November 4, 2023
I have spent the last three days pondering a quote from a Lutheran minister named Michael Foss. I have known of Rev. Foss for a number of years, as I used a book he wrote with some leadership groups. In an interview with patheos.com, he said the following:
The biggest challenge churches have is casting a vision for ministry that is compelling. By compelling I mean one that can create enough energy and hope to overcome our addiction to the past.
For those of you in the corporate world, I believe this quote operates equally well. Sadly, in the church, the addiction to the past is caused primarily by a fear of an unknown future and/or an insecurity that seeks power and control. Both the fear and the insecurity do not align with the Jesus of Scripture. He echoed the prophets of old when he told his disciples not to fear, and of course, his life witness taught us the power of humility and self-giving service. I’m going to suggest that part of the reason we allow fear and insecurity to grip us and define our approach to the Gospel, is a lack of self-care. Again, this is not an attempt to guilt people into self-care. That never works. But those of us (and I include myself here) who are not always doing the necessary self-care are very susceptible to the sway of fear and insecurity. And when that happens, the church becomes addicted to the past, where we are serving our own needs and not the gracious beckoning of a God who is calling into a more faithful and Christ-life future.

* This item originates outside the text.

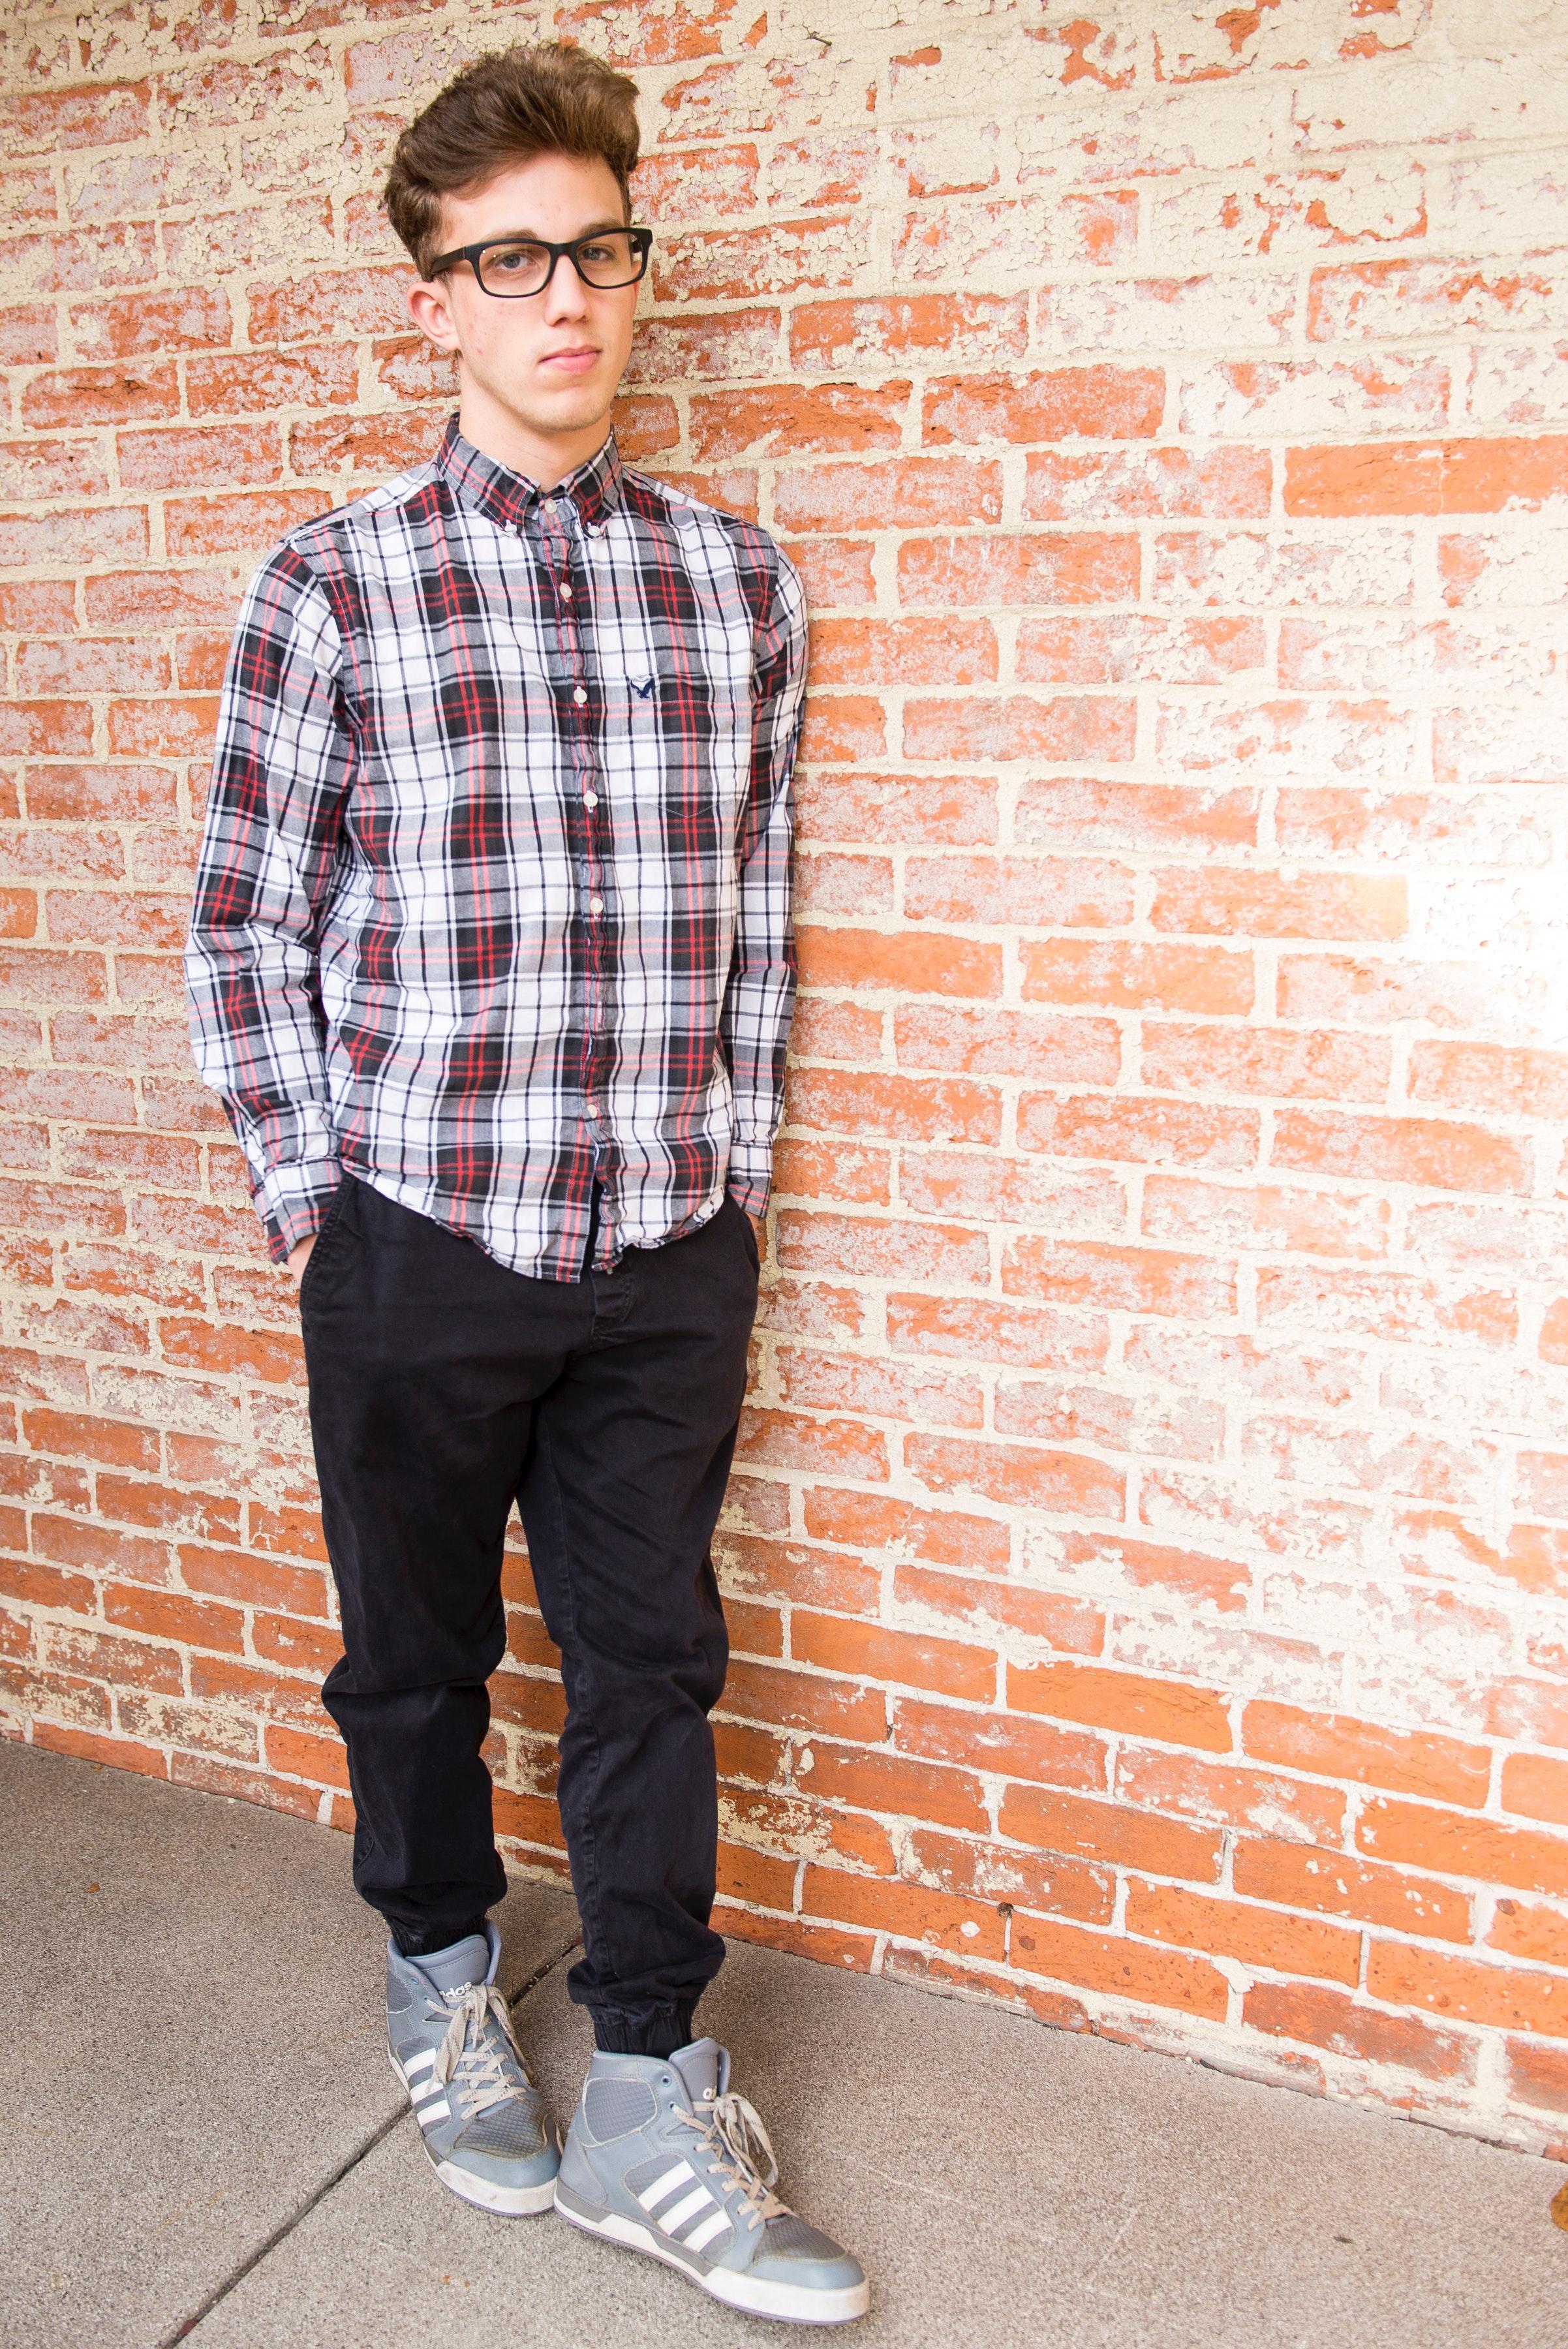 Man wearing plaid dress shirt and black pants photo
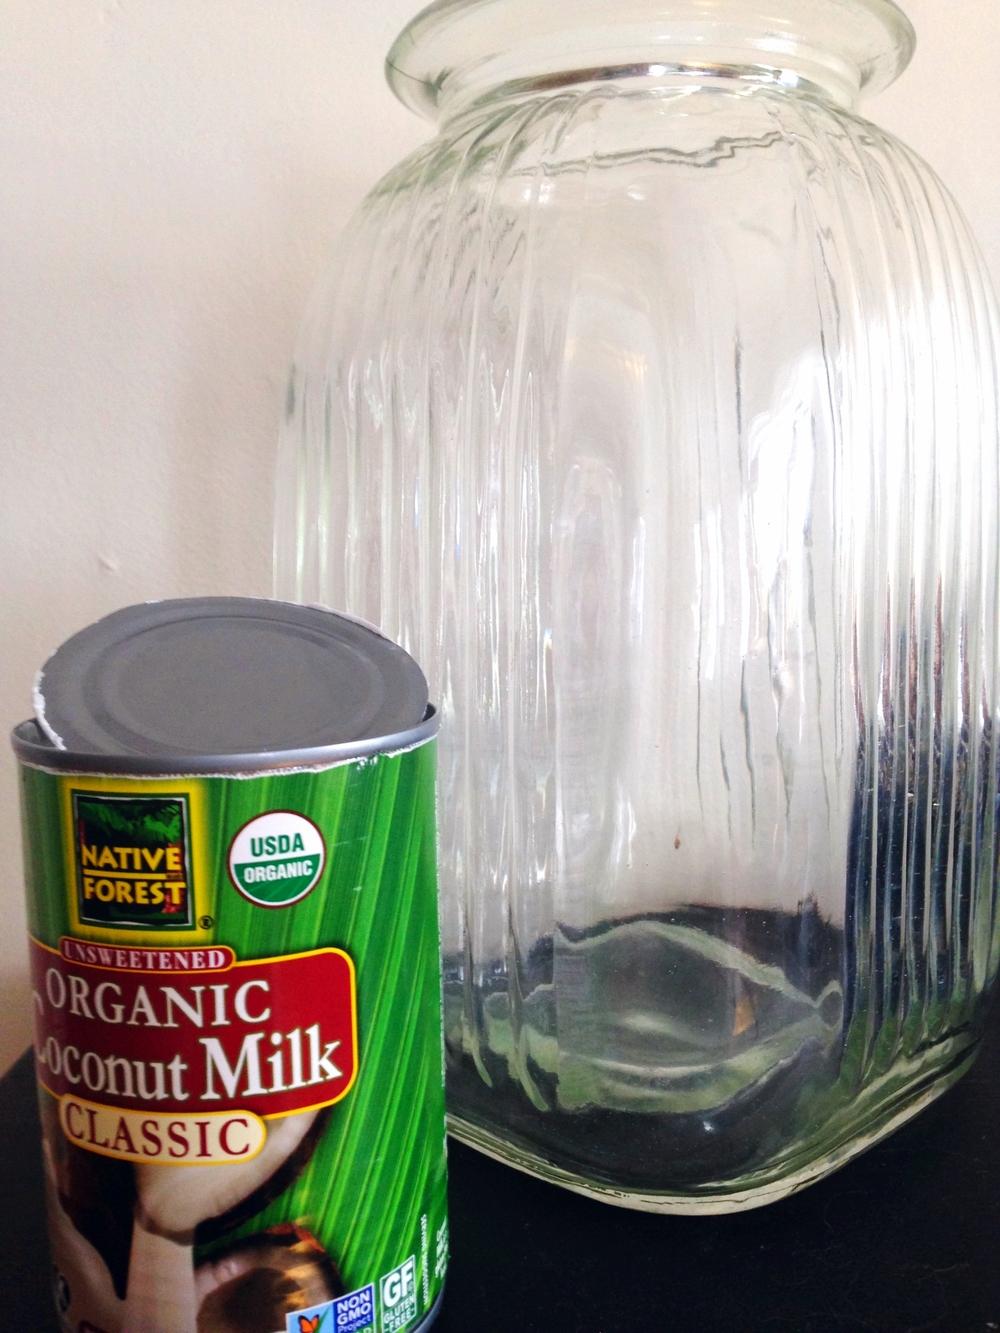 Native Forest coconut milk + big glass jar ready to mix!

I know I’ve got work to do, and so, Holy One of Heaven, I turn to you for guidance along the journey toward health and well-being. My essence is love, as I was created in your image, and so I seek to love myself into greater and greater health. I draw upon the wisdom of others who can counsel and encourage, while always allowing for your liberating love to free me from all that hinders me from becoming the person who created me to be. Amen.